The Northern Echo: CHRISTMAS ADVERT: Fothergill drew this to promote Jacques and Jacques' Christmas emporium in Northgate in 1904. The card is very politically pointed with Father Christmas bringing guns – or "protection" – to Joseph Chamberlain in the cha

FOTHERGILL drew this to promote Jacques and Jacques' Christmas emporium in Northgate in 1904.

The card is very politically pointed with Father Christmas bringing guns – or "protection" – to Joseph Chamberlain in the chair.

Chamberlain, having resigned from the Government because he opposed Prime Minister Arthur Balfour's free trade policy, had been on a hugely successful national tour advocating the imposition of tariffs on imported goods to protect British industries and jobs from cheap foreign competition.

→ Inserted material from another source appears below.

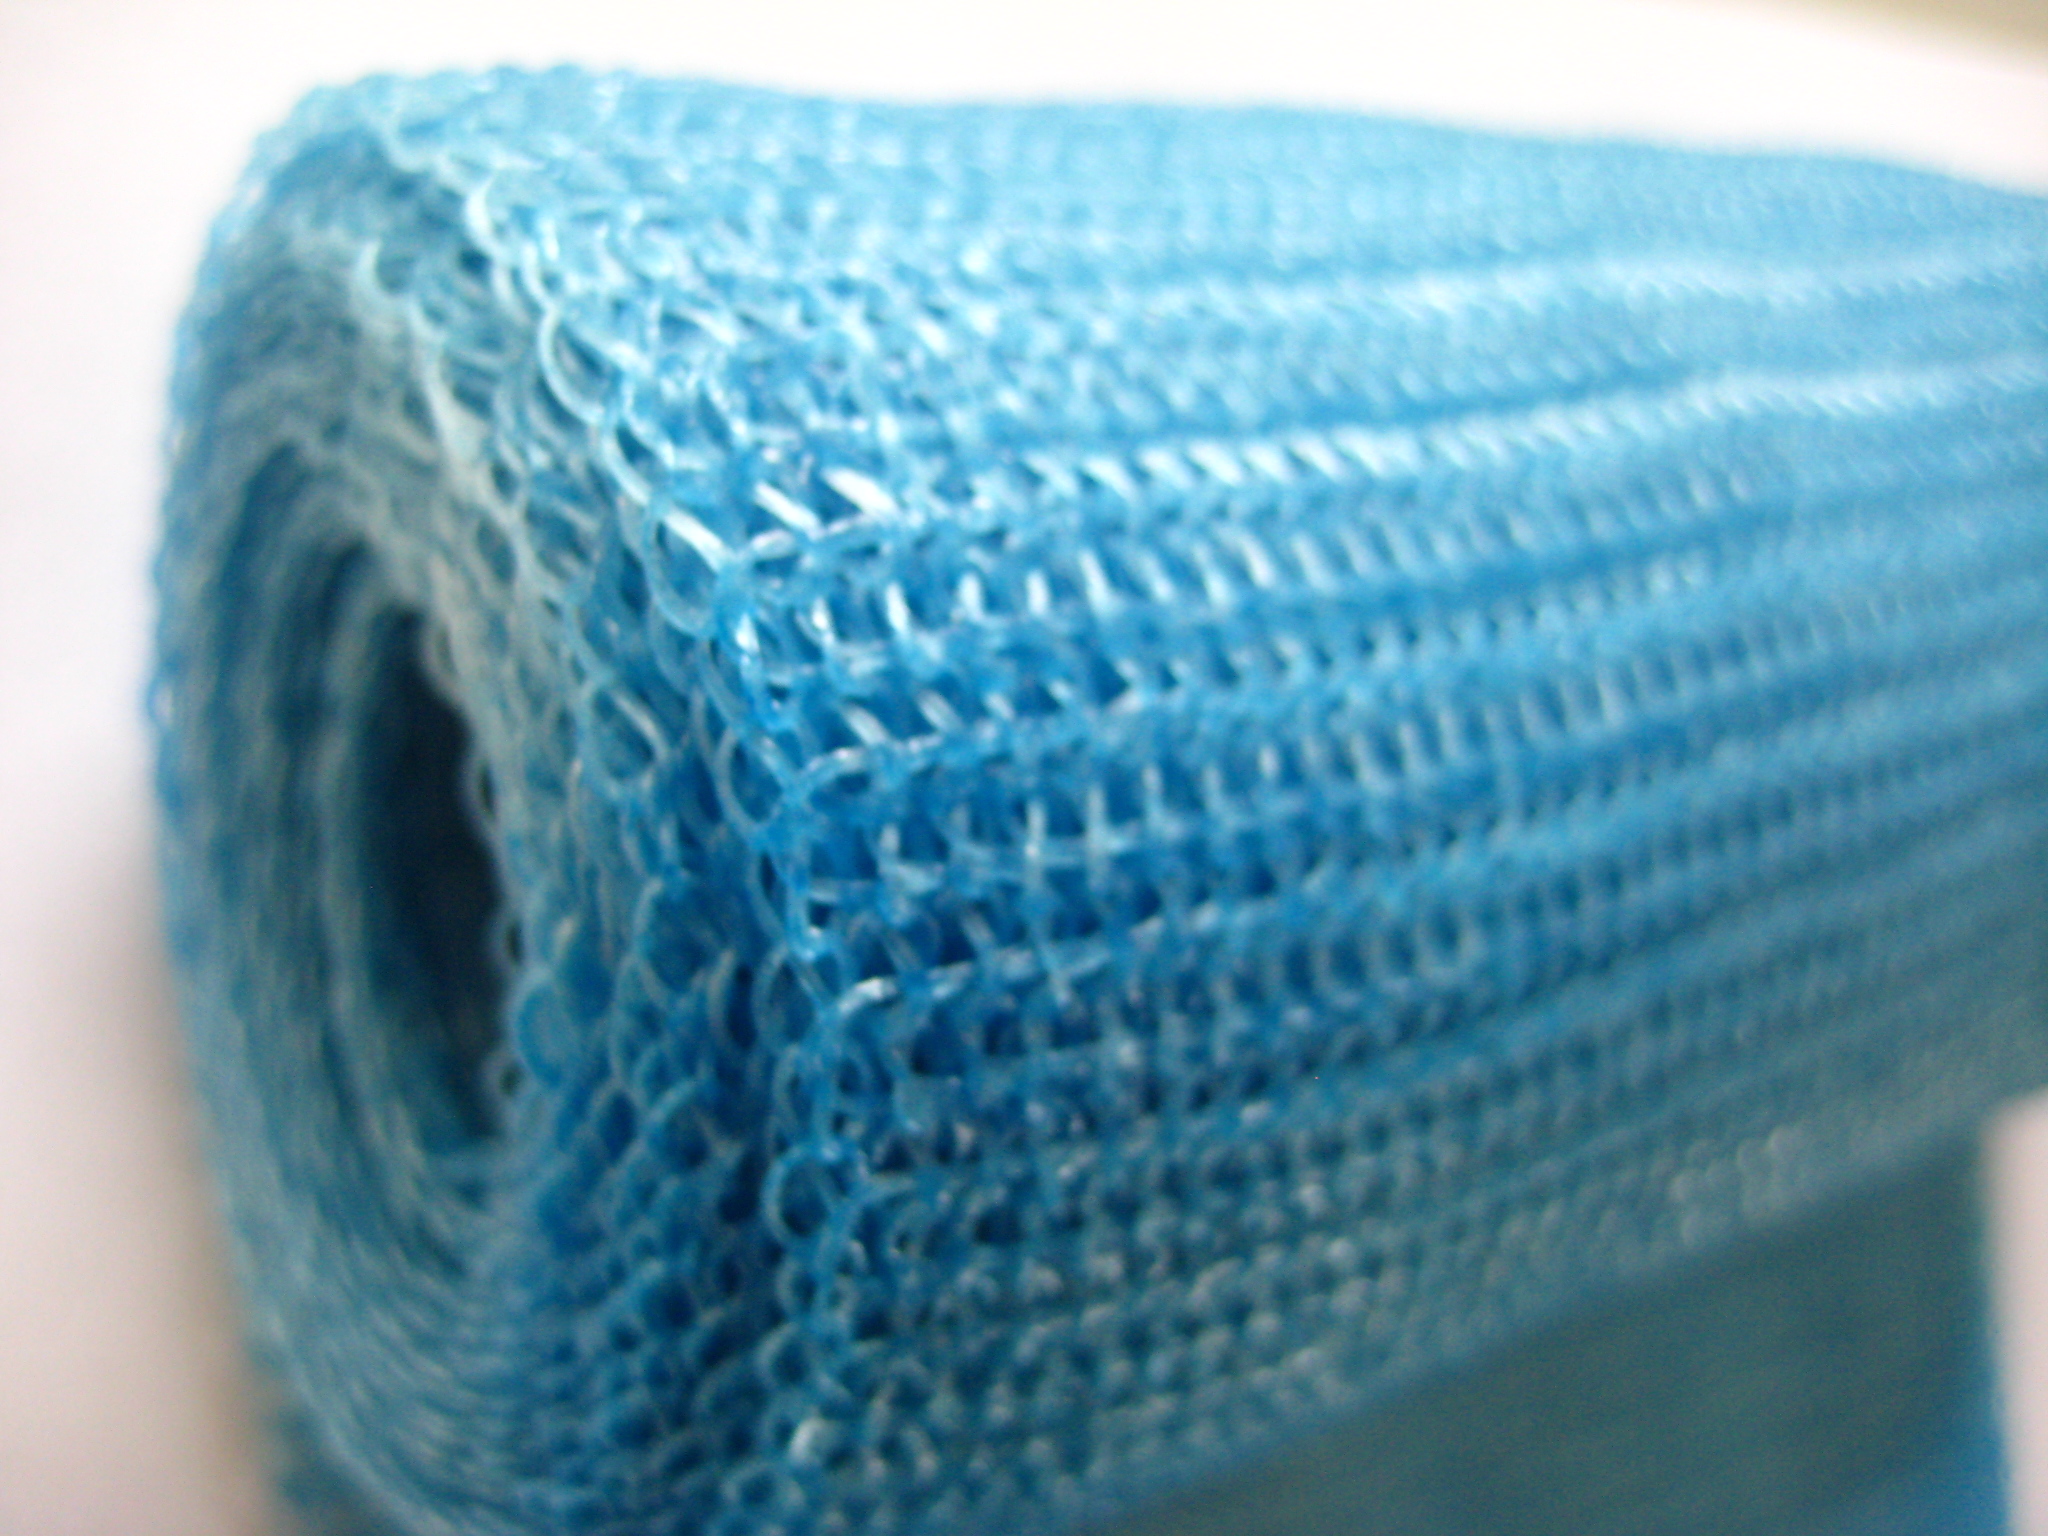 Blau hautfreundliche Orthothermoplastik zur Rehabilitation

Mr Jacques hoped the cartoon would lampoon Mr Chamberlain's position which the free traders felt would inevitably lead to war, although in a handwritten note in Darlington library, Fothergill admits that he was always a protectionist and so "was drawing against my own party".

He also says that Ablott, the butler of Duke Street Club, posed as Chamberlain and antique dealer James Wilkinson, of Post House Wynd, played Father Christmas.

The pros and cons of tariffs and trade deals are again in the news following the EU referendum, although no advertiser has yet been brave enough to place a seasonal message in The Northern Echo lampooning either of the sides in the Brexit debate.